Dataset:
----

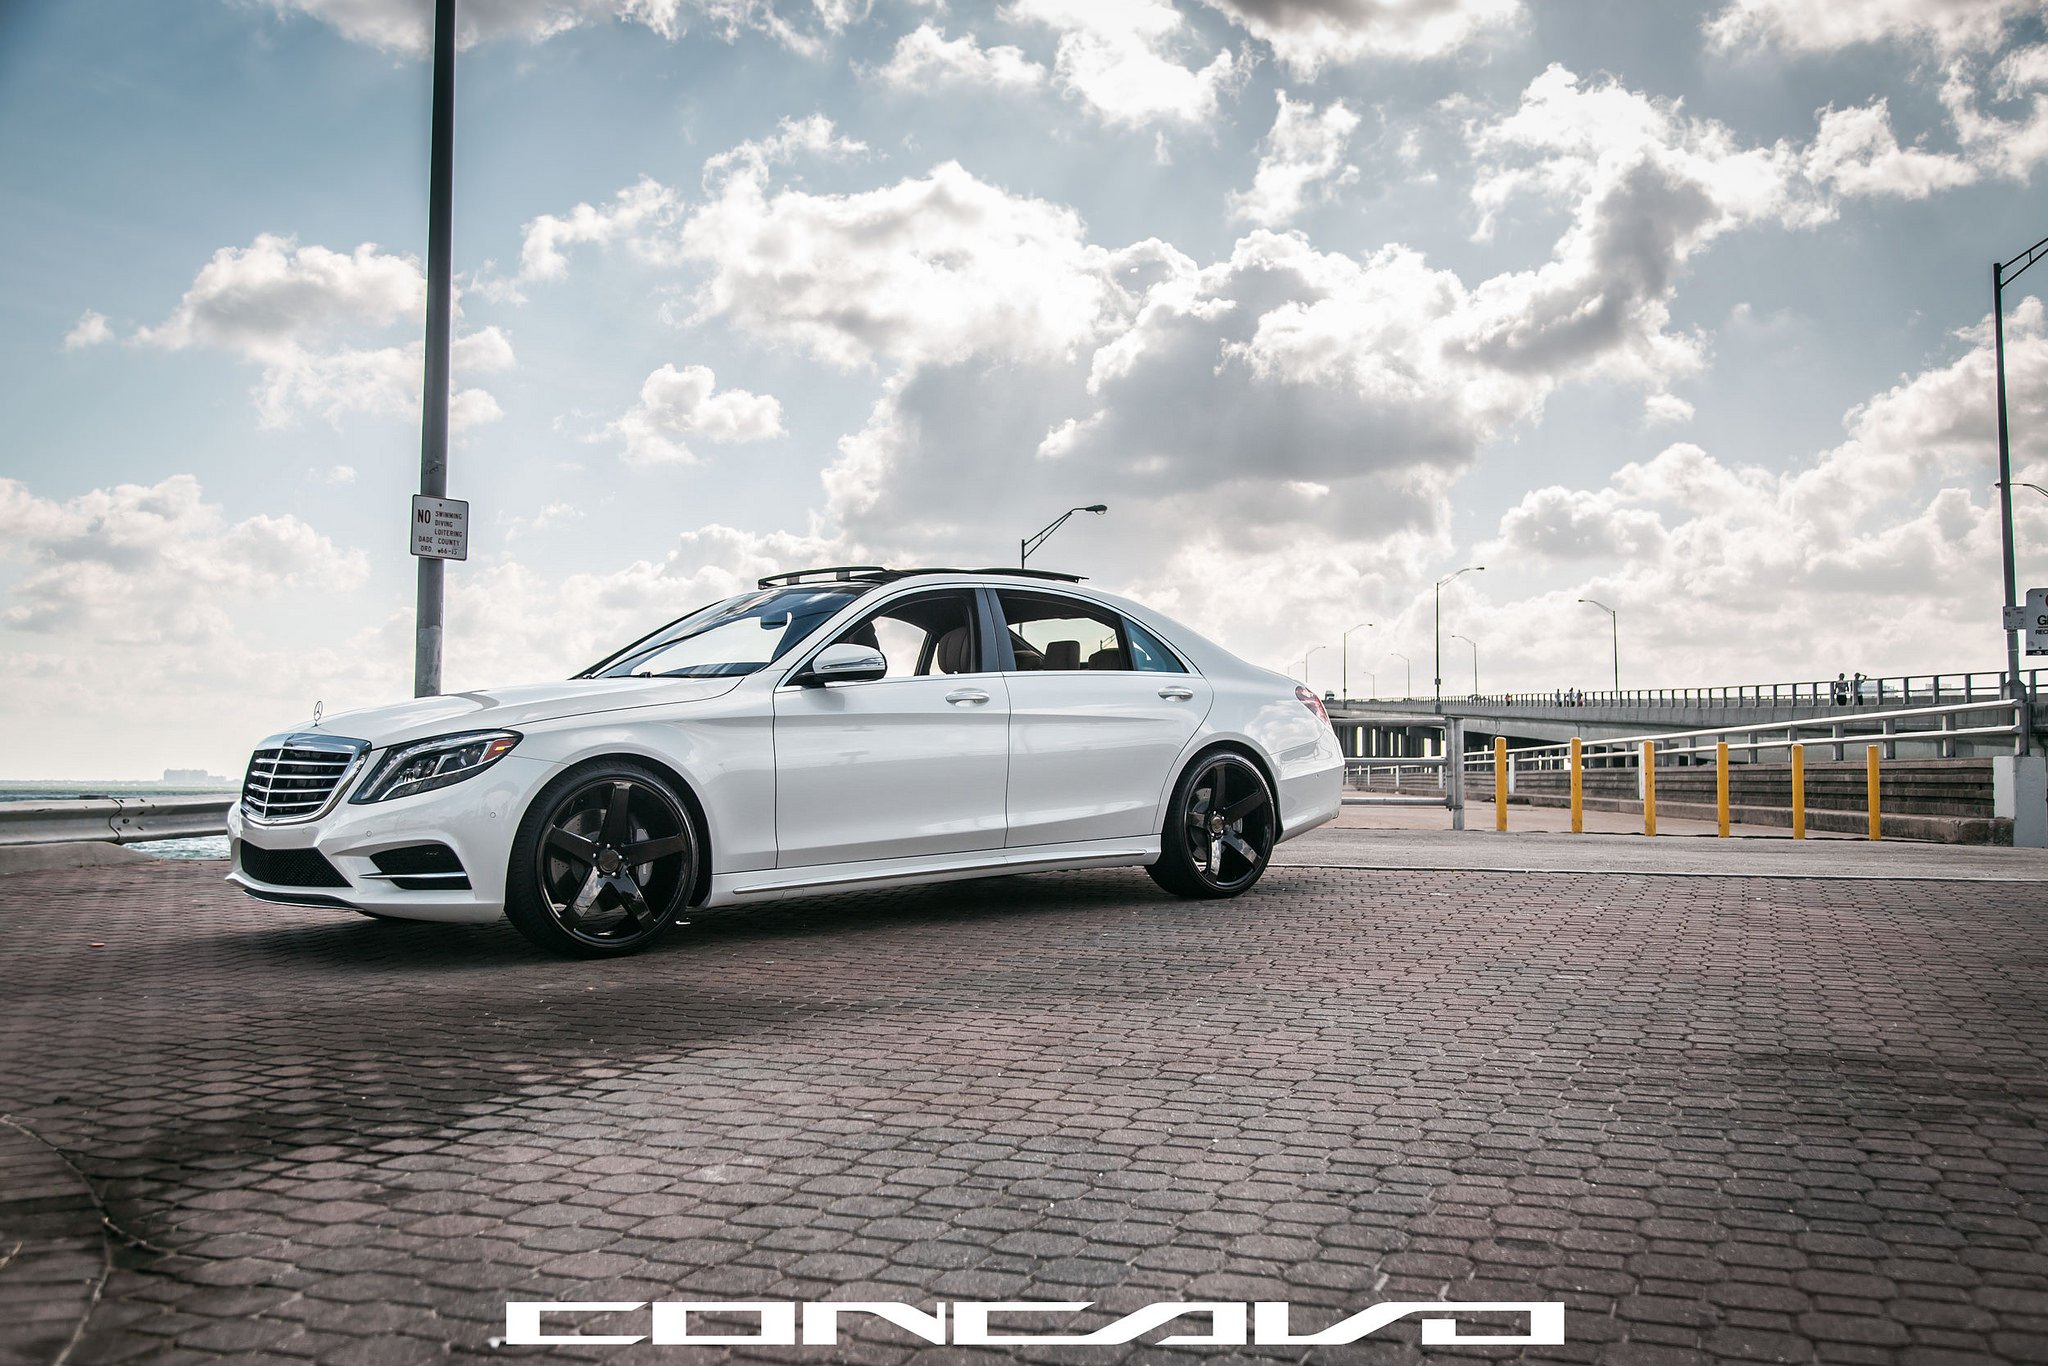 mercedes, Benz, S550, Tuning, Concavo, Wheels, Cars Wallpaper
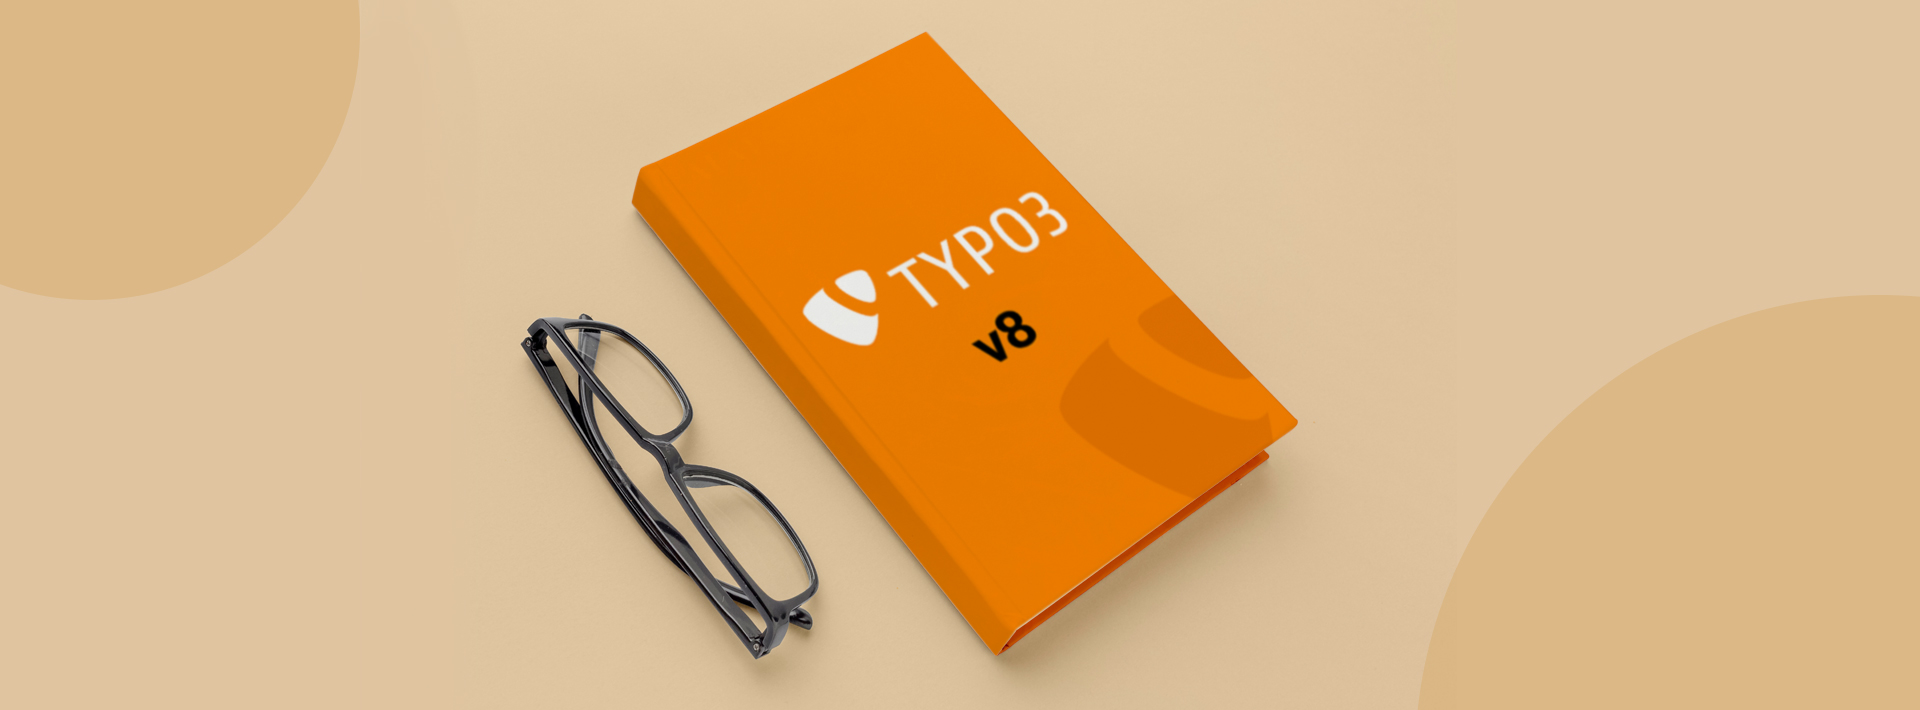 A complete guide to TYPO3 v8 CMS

----

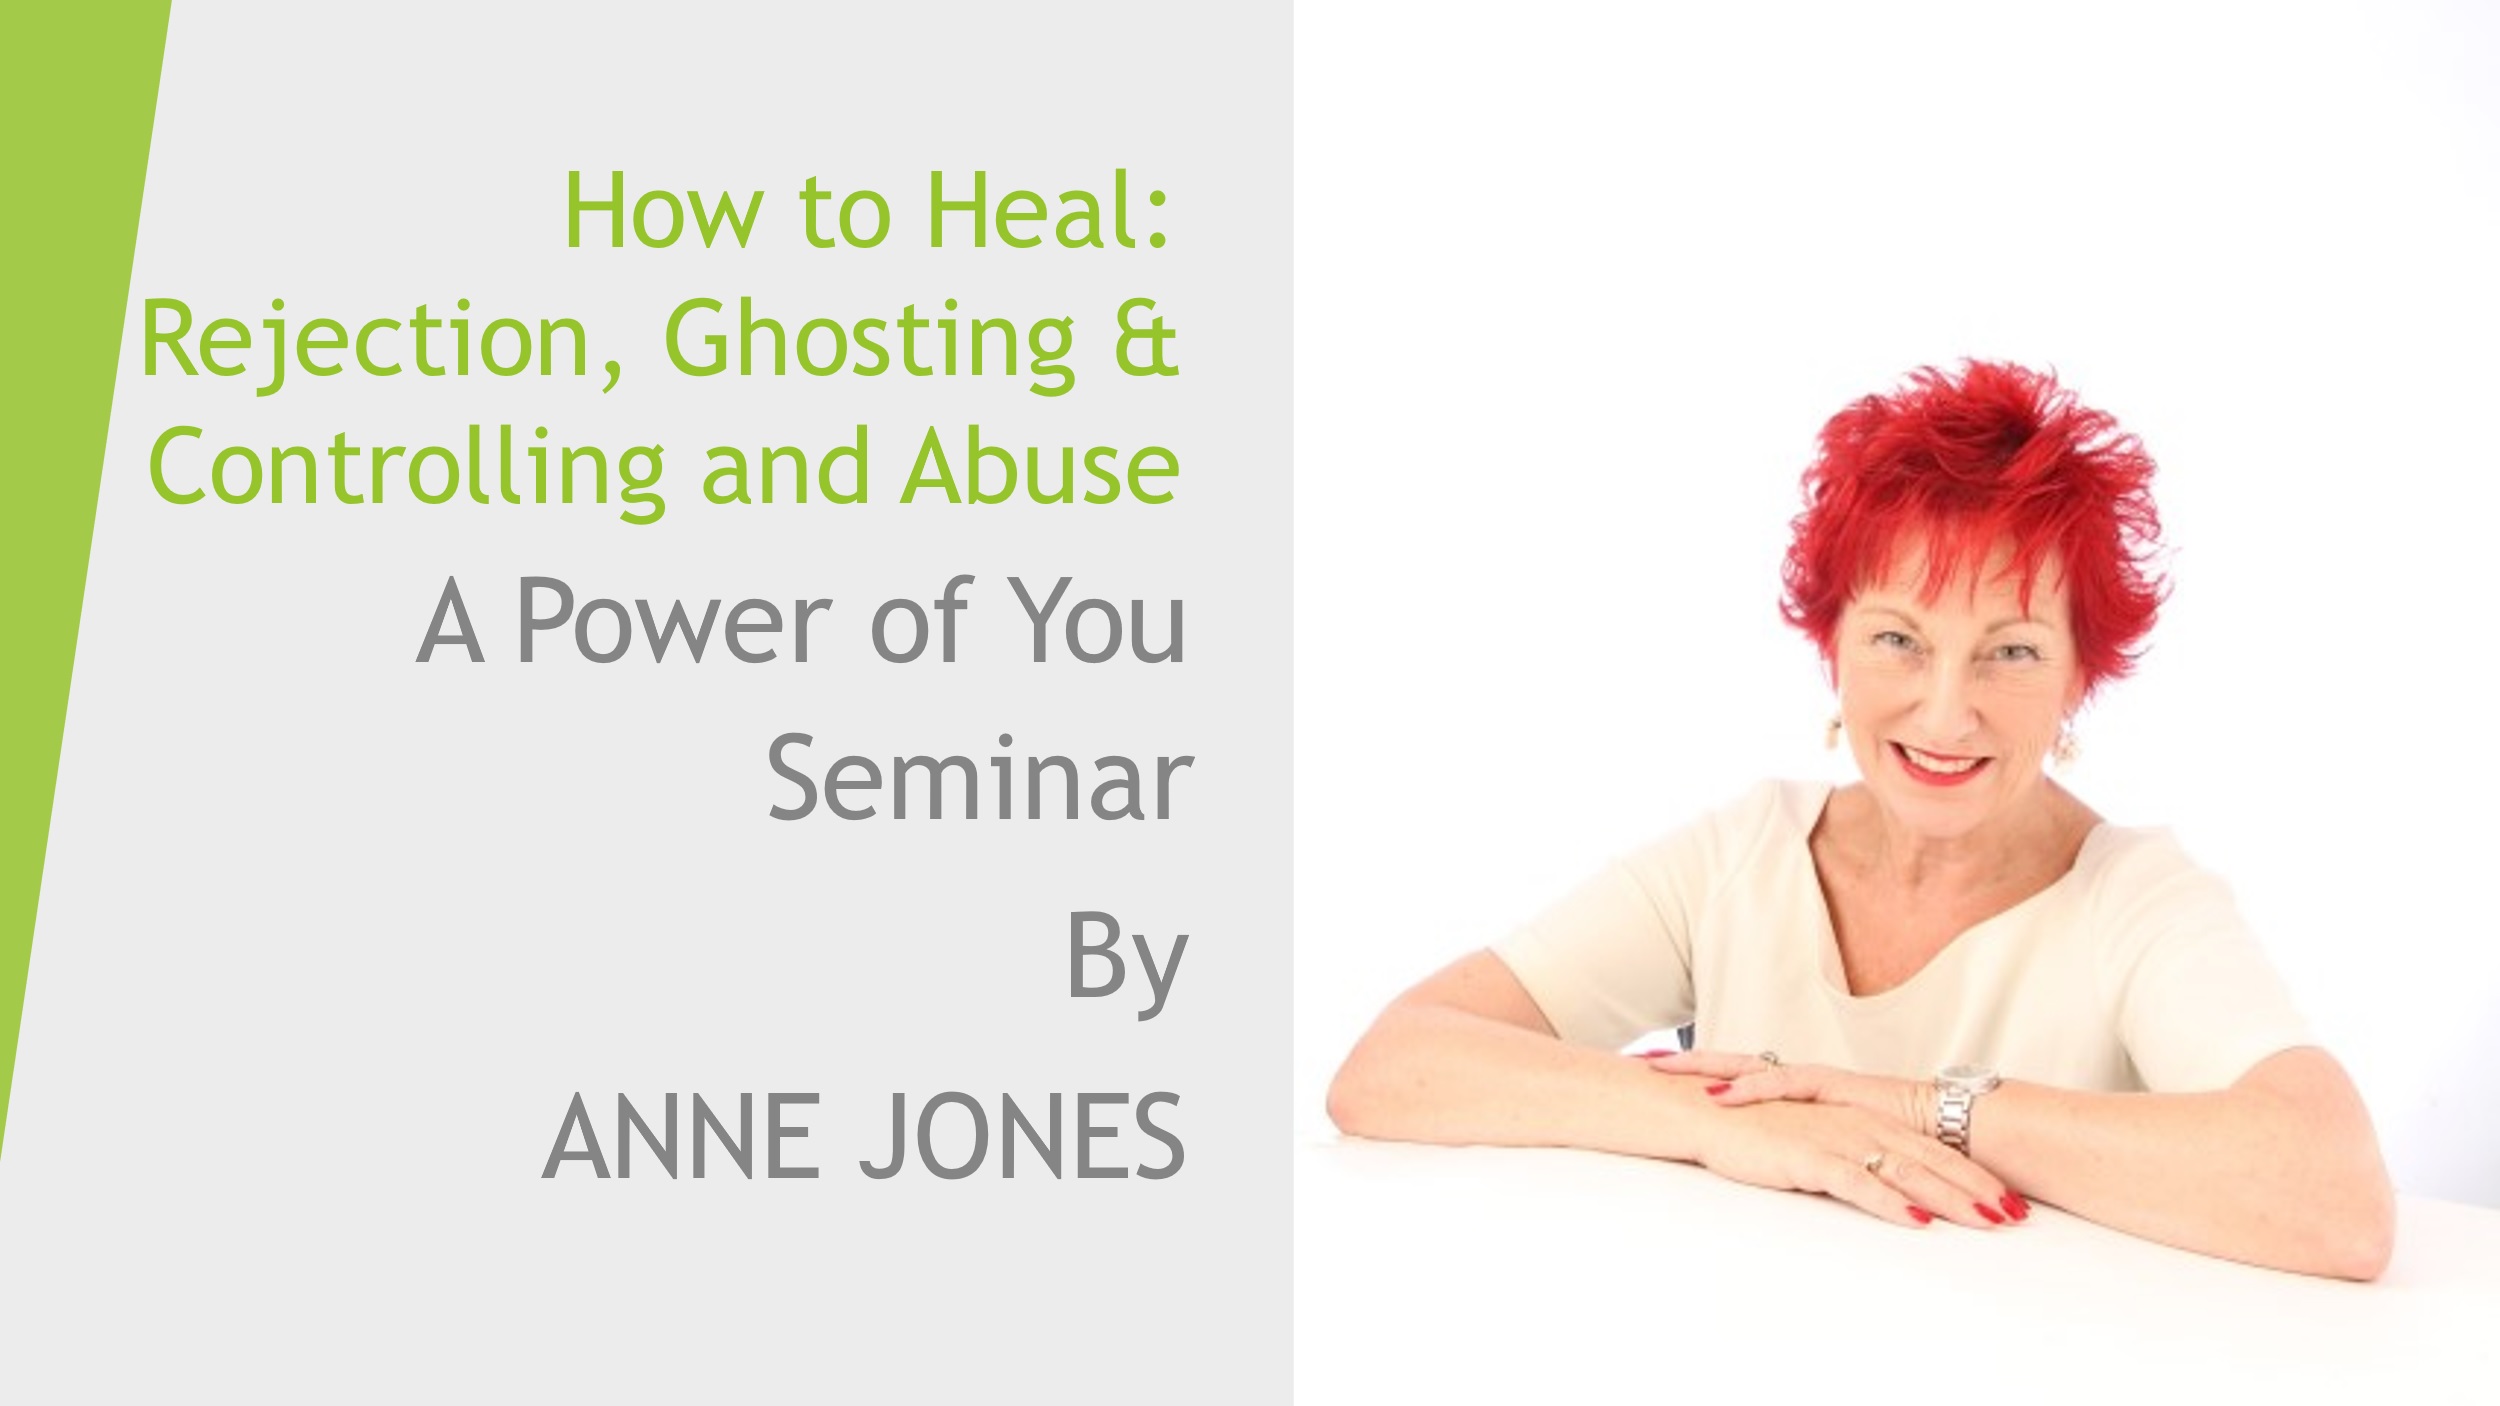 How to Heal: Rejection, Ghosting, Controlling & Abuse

----

Using the data above, output the line that has "mercedes, Benz, S550, Tuning, Concavo, Wheels, Cars", the line that has "A complete guide to TYPO3 v8 CMS", and whatever lines fall between, each exactly as it stands and without pictures.

Solution:
 mercedes, Benz, S550, Tuning, Concavo, Wheels, Cars Wallpaper
 A complete guide to TYPO3 v8 CMS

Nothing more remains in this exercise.